Ingestion Pipeline
Overview
The ingestion pipeline is what turns an uploaded file into something the LLMs can search. It has two stages, with an optional human-in-the-loop step in between.
Arcanna deliberately splits the two stages because they have very different costs and very different failure modes:
- Conversion is the expensive step that turns your file into clean text. For PDFs it runs AI-based layout and table extraction (plus OCR when there's no text layer); for the rest, it parses the document's native structure.
- Indexing is the cheaper step that takes the (now approved) text and makes it searchable.
Splitting them lets you stop and review the conversion result before it becomes searchable. You get a chance to correct a bad conversion — which matters most for PDFs — without wasting the indexing work or, worse, polluting search results with wrong text.
Pipeline stages
- Markdown Conversion — Arcanna extracts the text from your file. Depending on the approval mode you've configured, the result is either approved automatically or waits for a reviewer to edit the text and approve it.
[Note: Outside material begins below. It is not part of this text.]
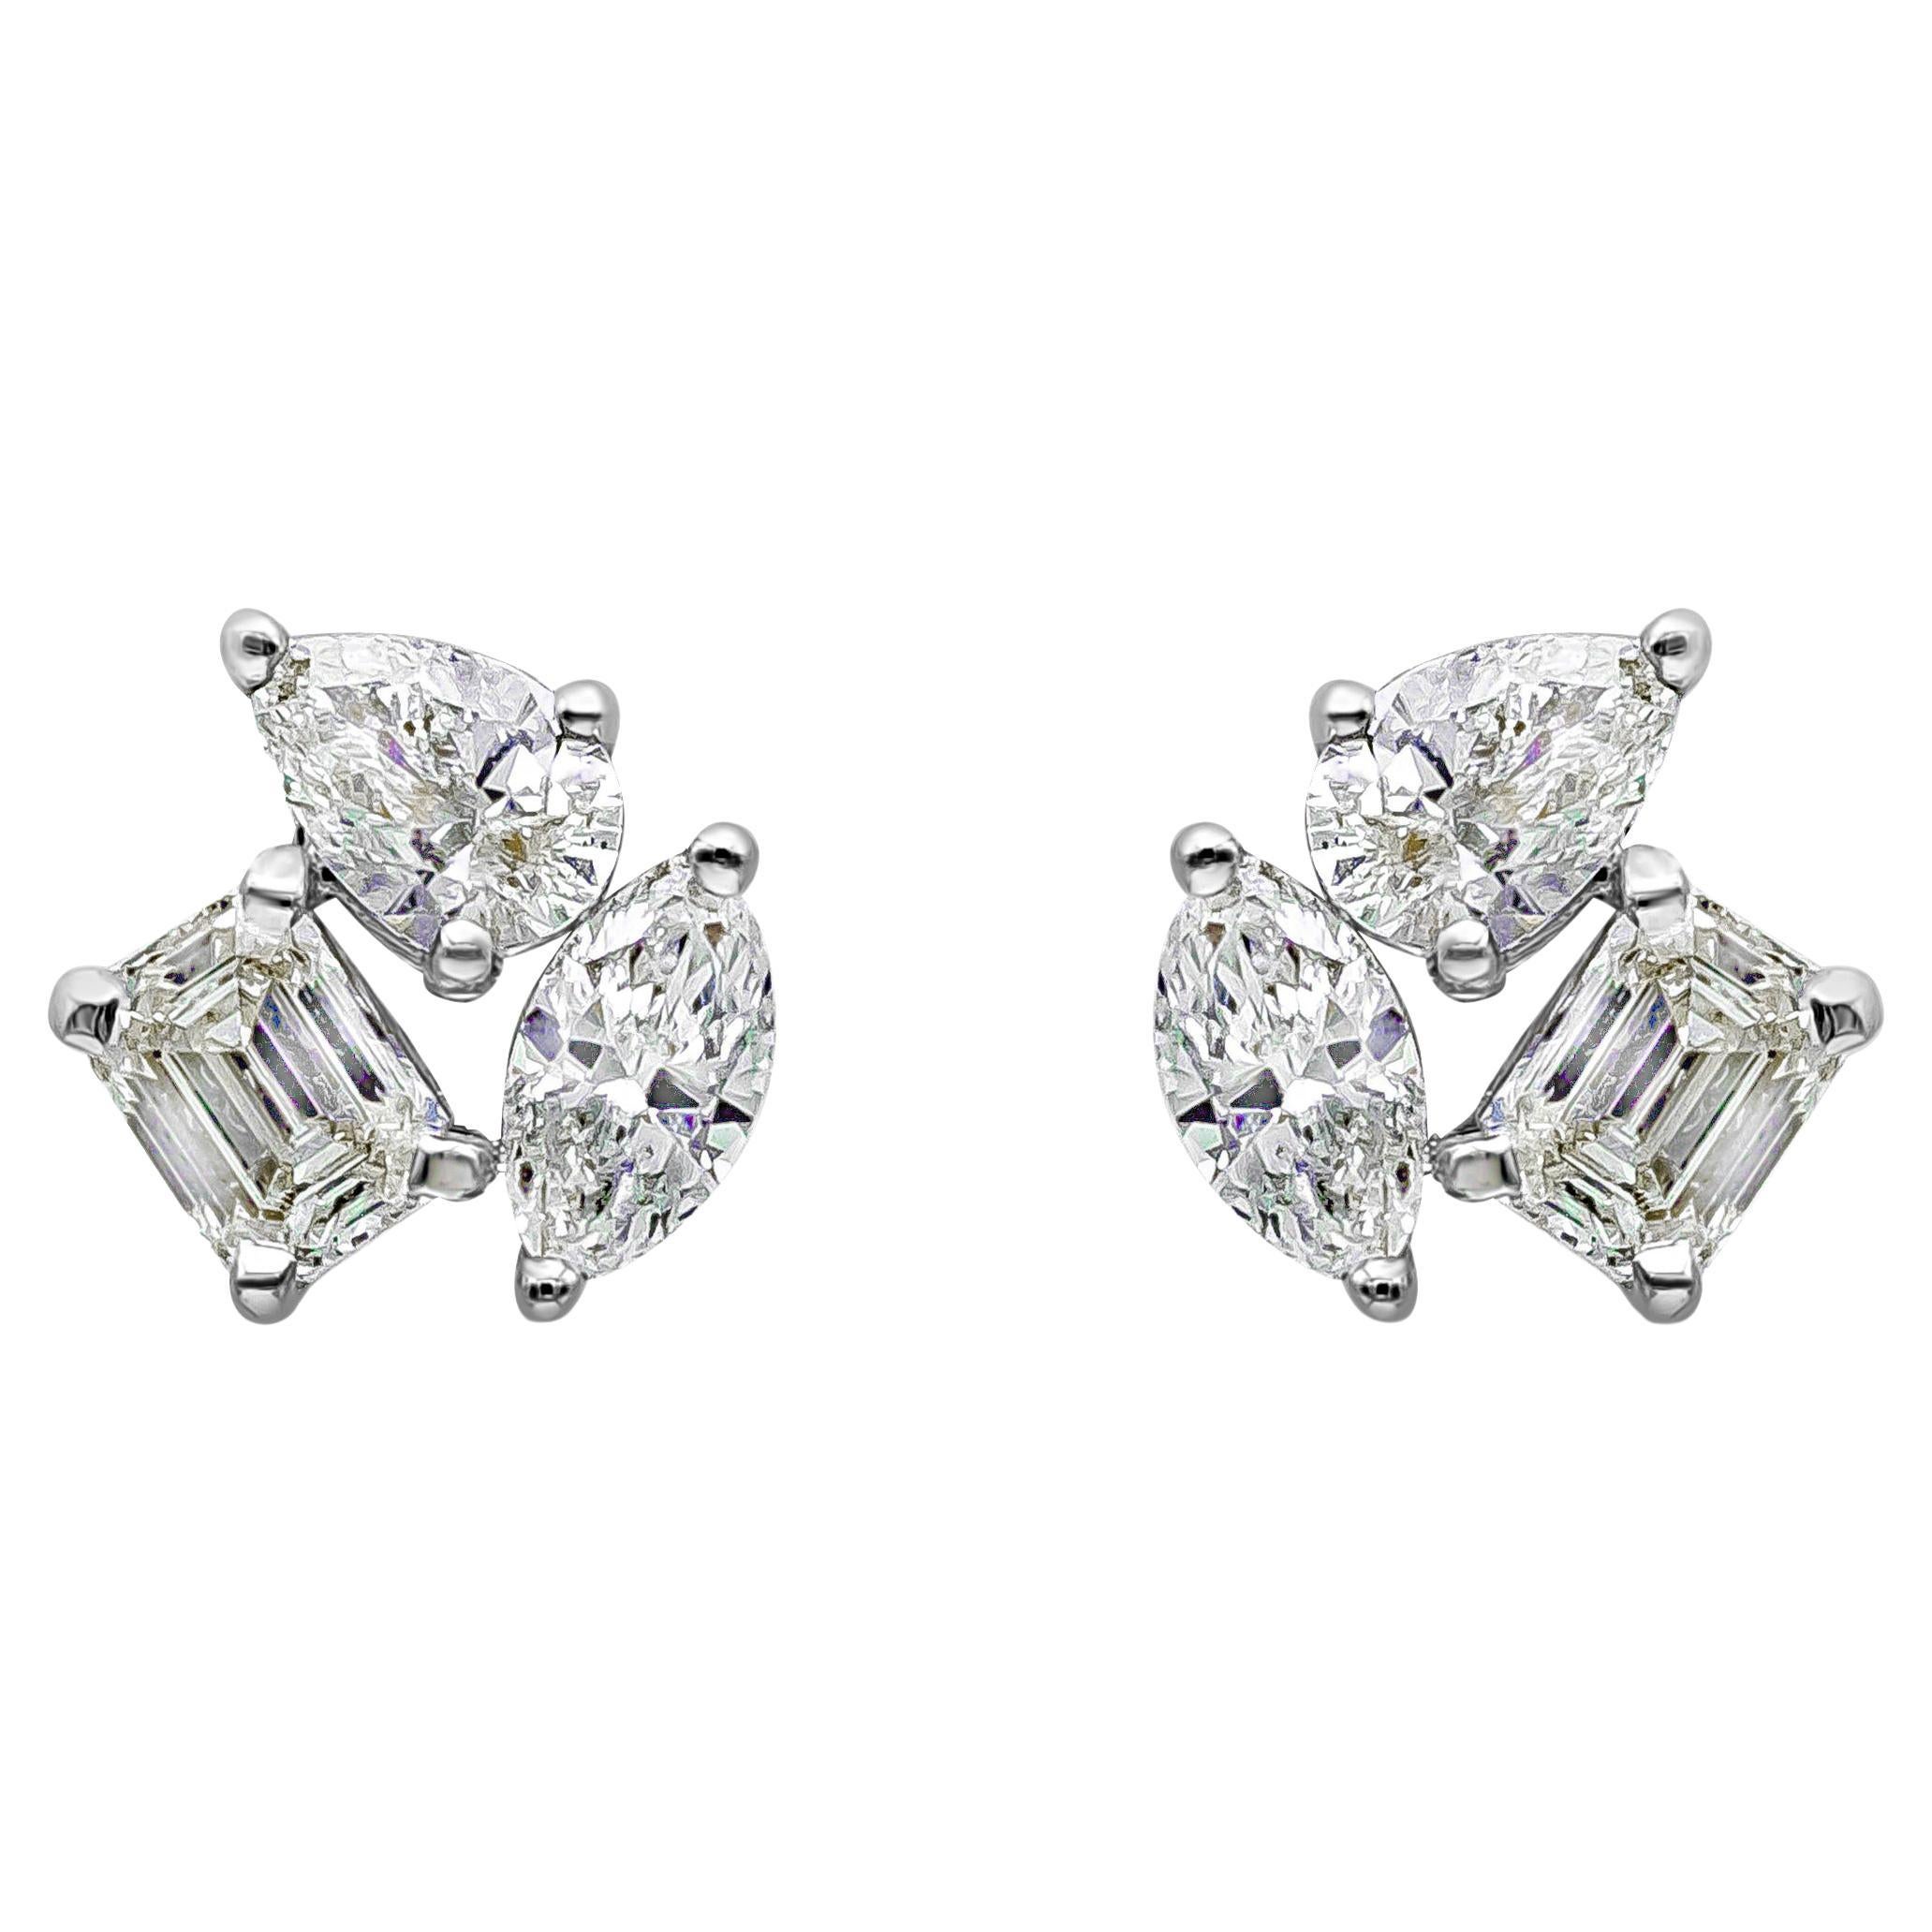 Roman Malakov 1.16 Carat Total Mixed Cut Diamond Three Stone Stud Earrings
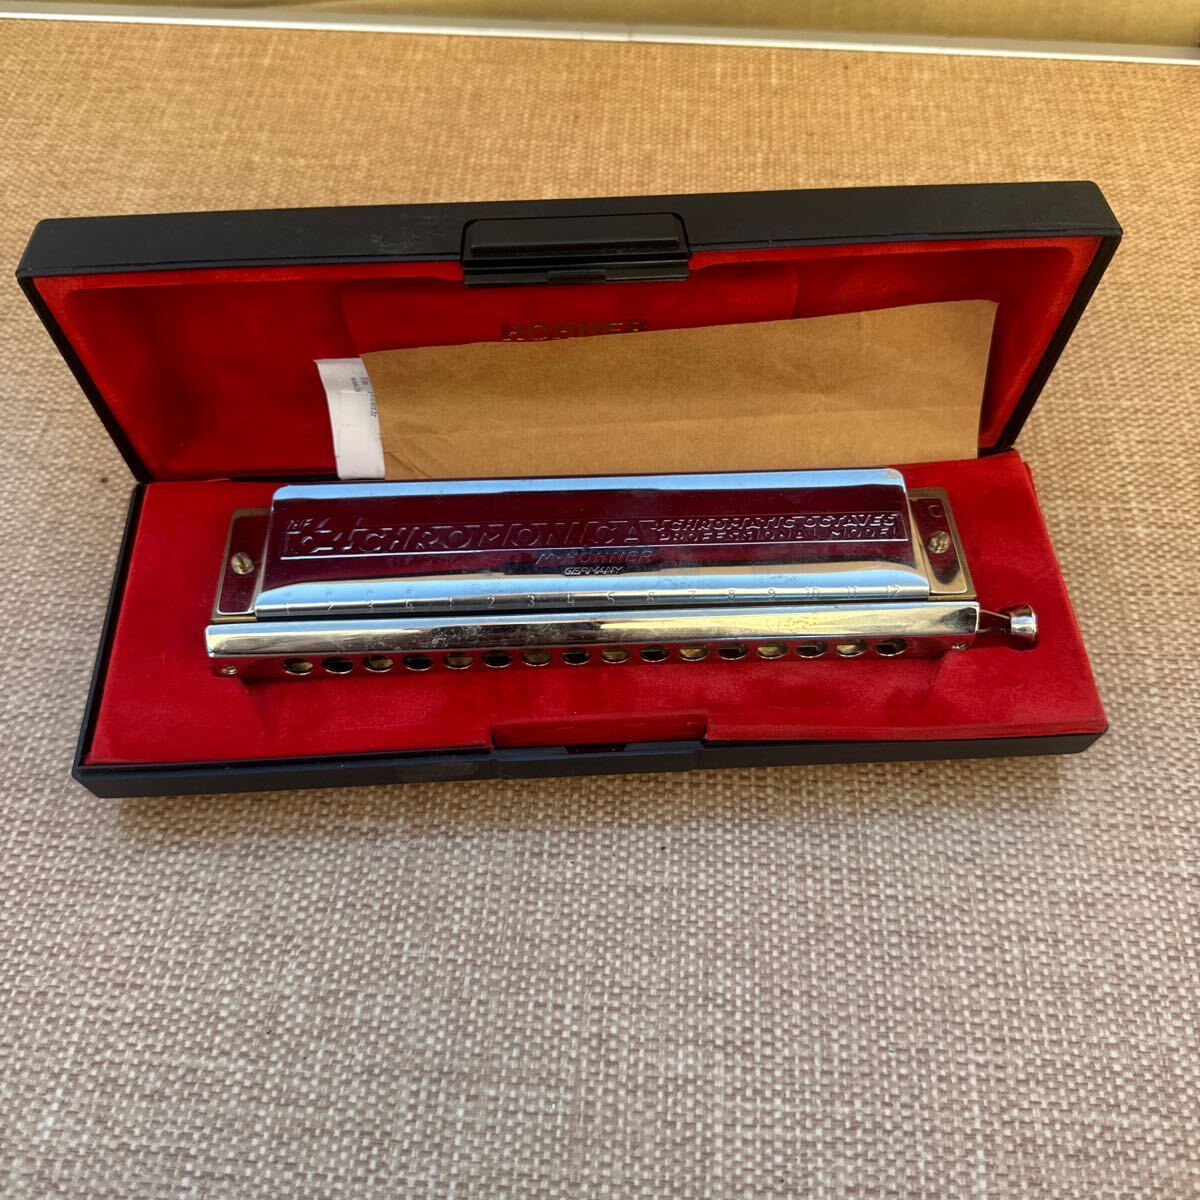  secondhand goods HOHNER harmonica

- Indexing — once the text is approved, Arcanna prepares it for semantic search and makes it available to the AI Assistant and Agentic Workflows.
High-level flow
upload ─▶ convert ─▶ text ─┬──▶ auto-approved ─▶ index ─▶ searchable
│
└──▶ in review ─▶ edit +/ approve ─▶ index ─▶ searchable
Each document carries two independent statuses that you'll see in the UI:
- Conversion status —
pending,processing,in_review,approved,rejected,failed. Where the document is in the conversion + review flow. - Indexing status —
idle,pending,loading,success,error. Where the document is in the indexing flow.